That is the rub. The world, dehumanised or not, will have its way. French farmers must change. The wine growers will be bankrupted — the market for vineyards in Roussillon has already begun to collapse — unless reforms sweep away the social charges and over-regulation that make their wine too expensive to sell. The French "social model", hugely expensive and restrictive, no longer creates jobs and growth, nor pays its way.

But real change is almost possible. Painful surgery is needed to restore the country to health, but it will not deliver itself to a knife wielded by a political class, and a president, mired in scandal and plump with perks, who search not for remedies but for scapegoats.

The Fifth Republic was created by General de Gaulle in 1958 to do away with the weak, vacillating, short-lived regimes of the Fourth. Its linchpin is the president, his finger on the nuclear button, the maker and breaker of cabinets as well as garden-party host in the resplendent grounds of his Elysée Palace. The old system saw four governments fall in a year.

The general brought stability. At 72, Chirac is the oldest leader among the western heavyweights, and sensitive about it: he gave his ecology minister a dressing down for revealing he wears a hearing aid. Together, he and François Mitterrand, whom he succeeded as head of state in 1995, have ruled France for the past 24 years.

But the "non" in the May referendum — the "child of fear and despair", the historian Nicolas Baverez has written in Le Monde — marks the onset of "the death of Gaullist France, corrupted by Mitterrand and then ruined by Chirac". Those are terrible words, all the more so because they are applied in the most serious, sober newspaper to a Gaullist like Chirac. They have, alas, the ring of truth.

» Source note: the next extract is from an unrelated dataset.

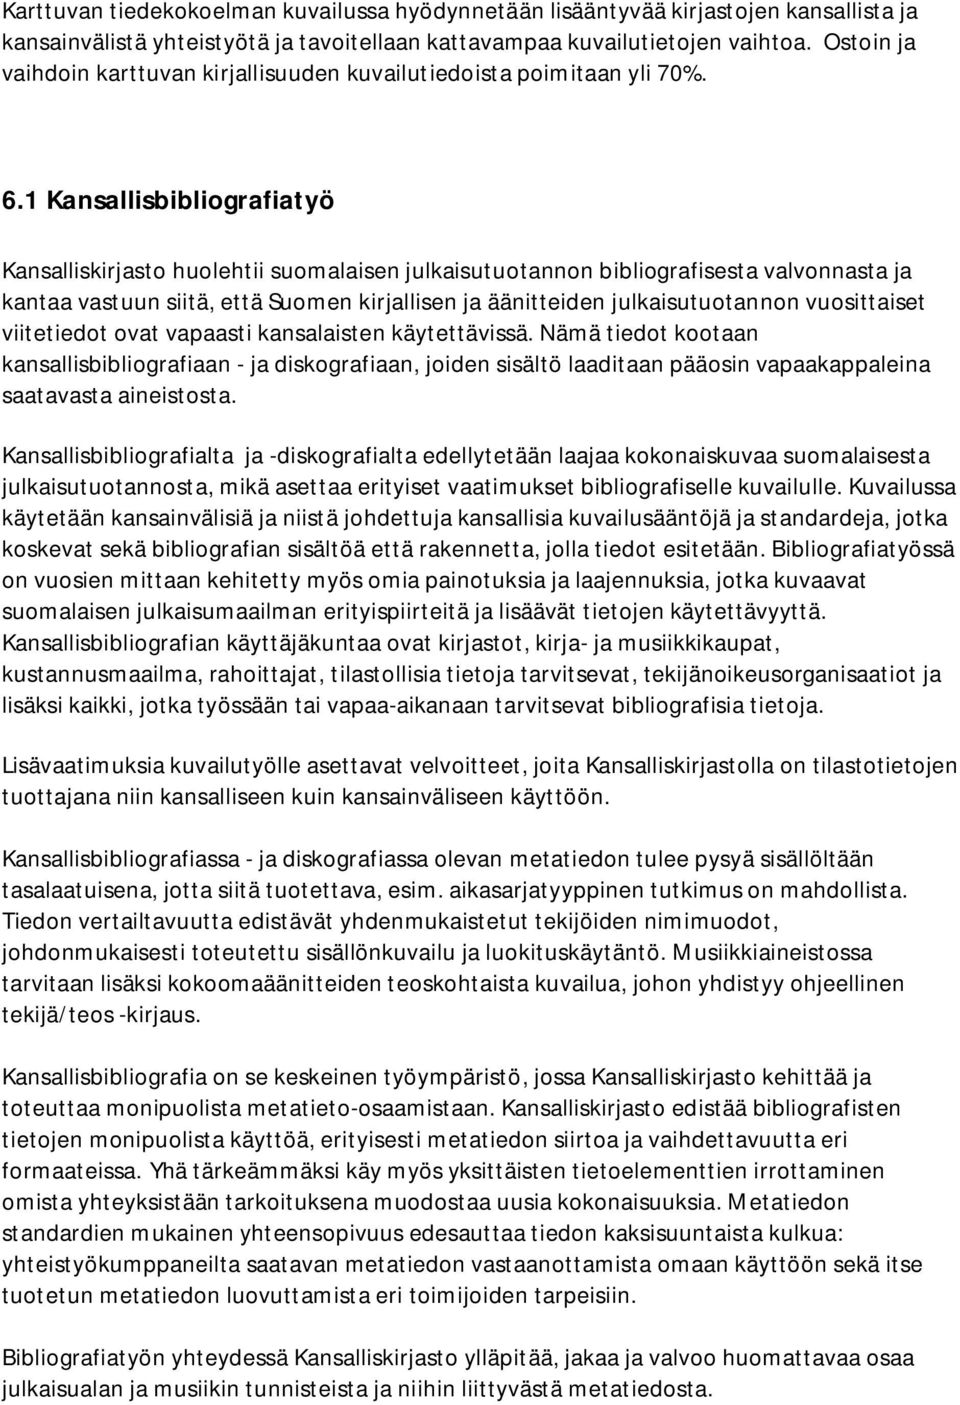 1 Kansallisbibliografiatyö Kansalliskirjasto huolehtii suomalaisen julkaisutuotannon bibliografisesta valvonnasta ja kantaa vastuun siitä, että Suomen kirjallisen ja äänitteiden julkaisutuotannon

This summer most of us travelling to France will pay handsomely for our lodgings — hotel or villa. So, in general, do the French. Not, however, the elite, whose self-serving shenanigans have done so much to undermine Gaullist France.

Chirac has lived in the great palaces of state for so long — a few months aside, he has held the office of prime minister, mayor of Paris or president without a break since 1974, when Edward Heath was packing up to leave Downing Street — that he is known as " the Resident of the Republic". He has every reason to stand for another presidential term in 2007, for he is, the wags say, "condemned to perpetual re-election". The moment he leaves the Elysée Palace, he loses the presidential immunity that has prevented magistrates questioning him in cases of alleged corruption and abuse dating from his years as mayor of Paris.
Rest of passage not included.